• Data extract:
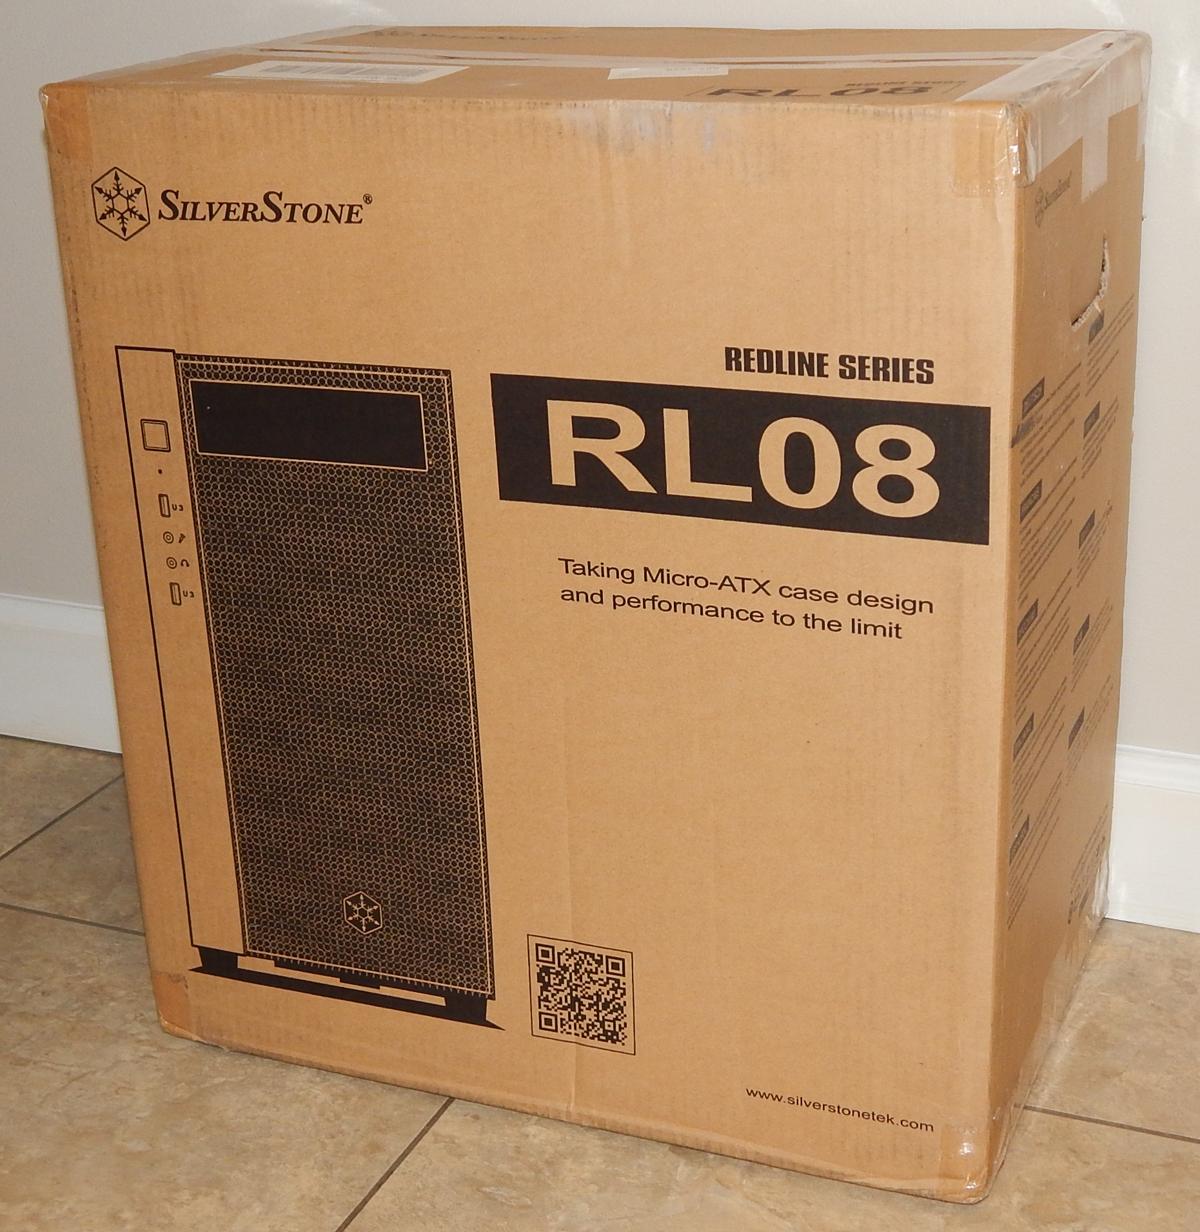 SilverStone RL08 Box
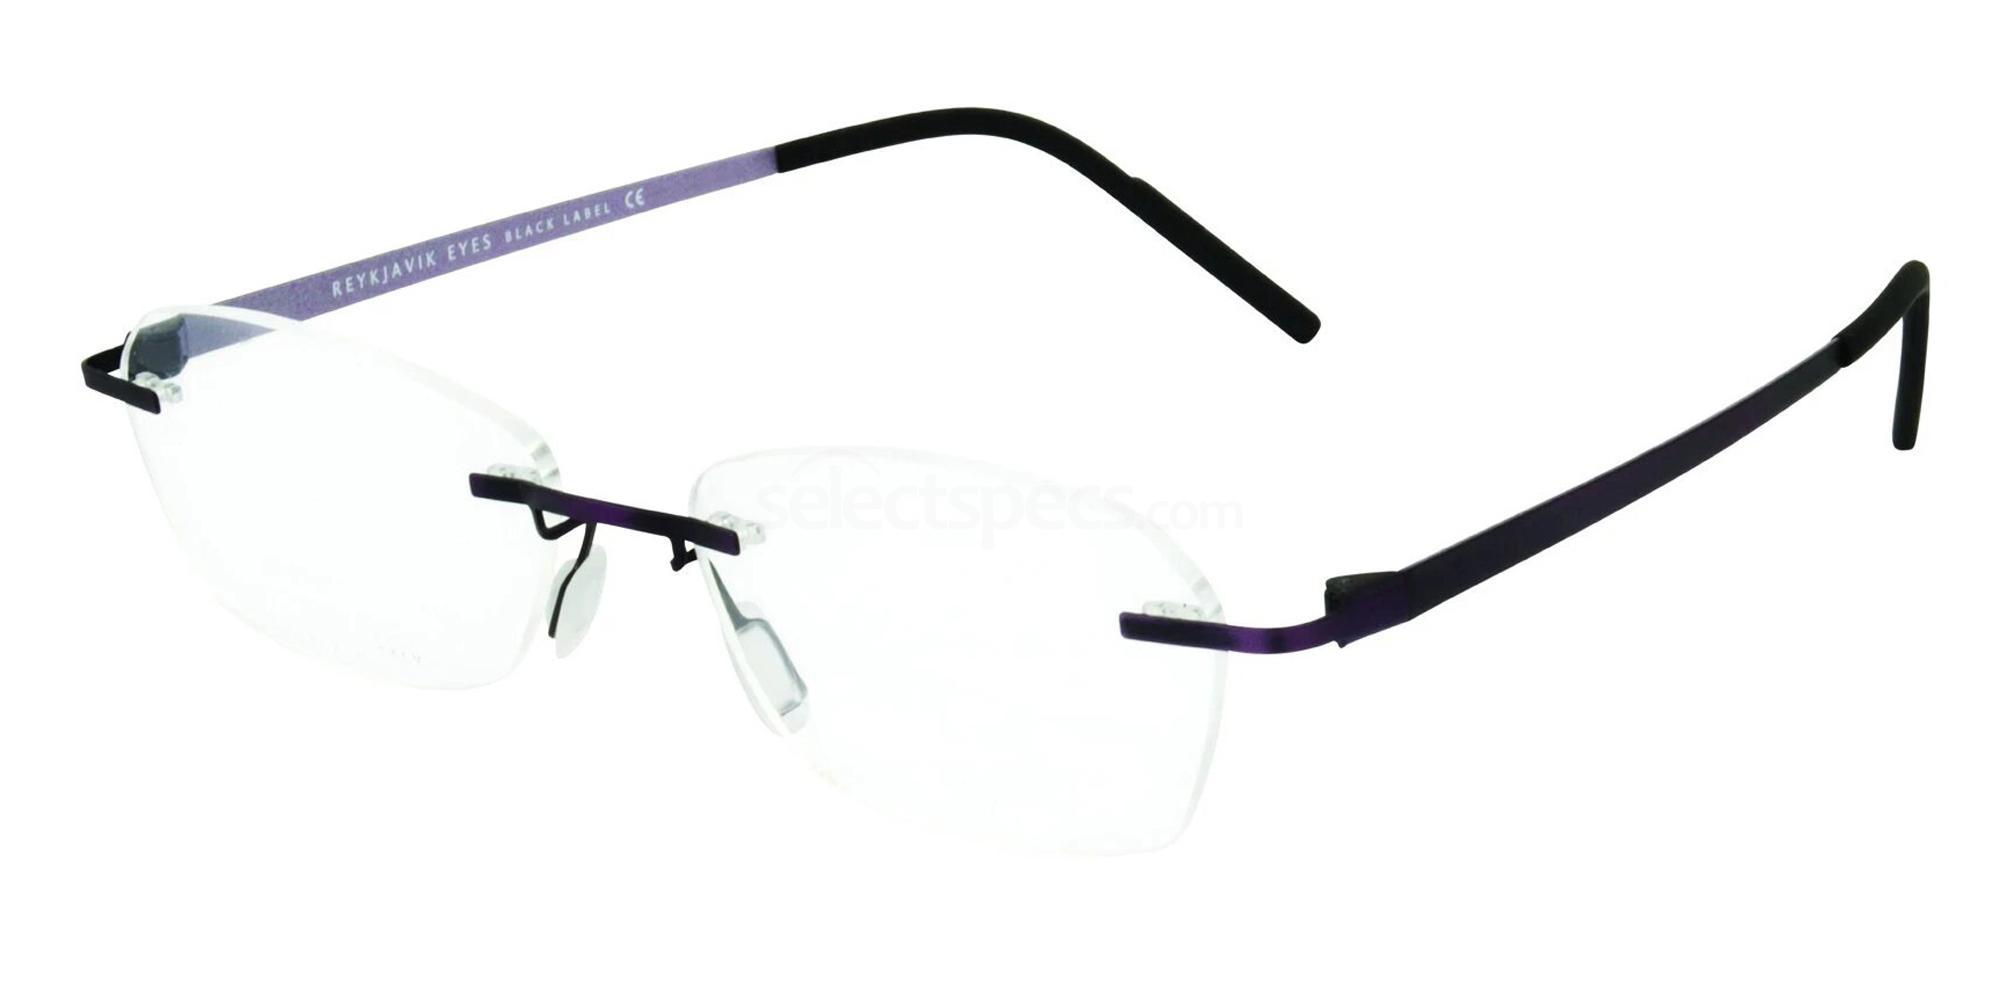 С1 MARTA Glasses, Reykjavik Eyes Black Label
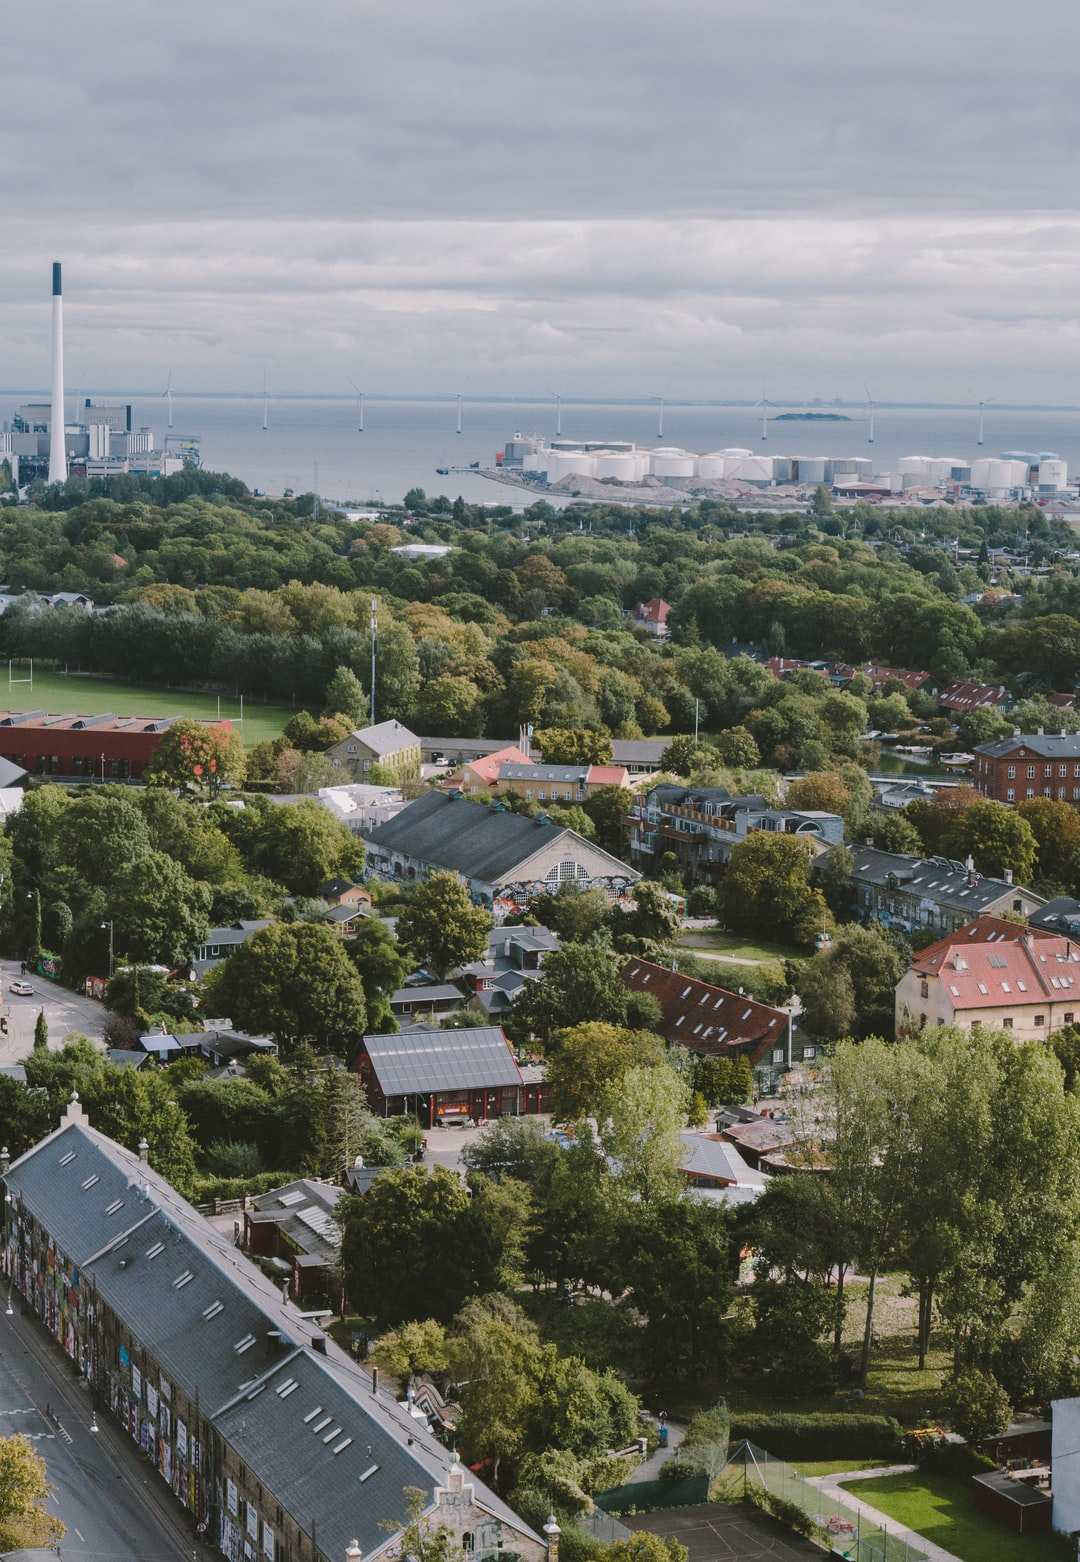 Aerial view on Christiania, the autonomous hippie community

• Exercise:
Leave the images aside and retype each line of the listing above exactly.

• The answer:
 SilverStone RL08 Box
 С1 MARTA Glasses, Reykjavik Eyes Black Label
 Aerial view on Christiania, the autonomous hippie community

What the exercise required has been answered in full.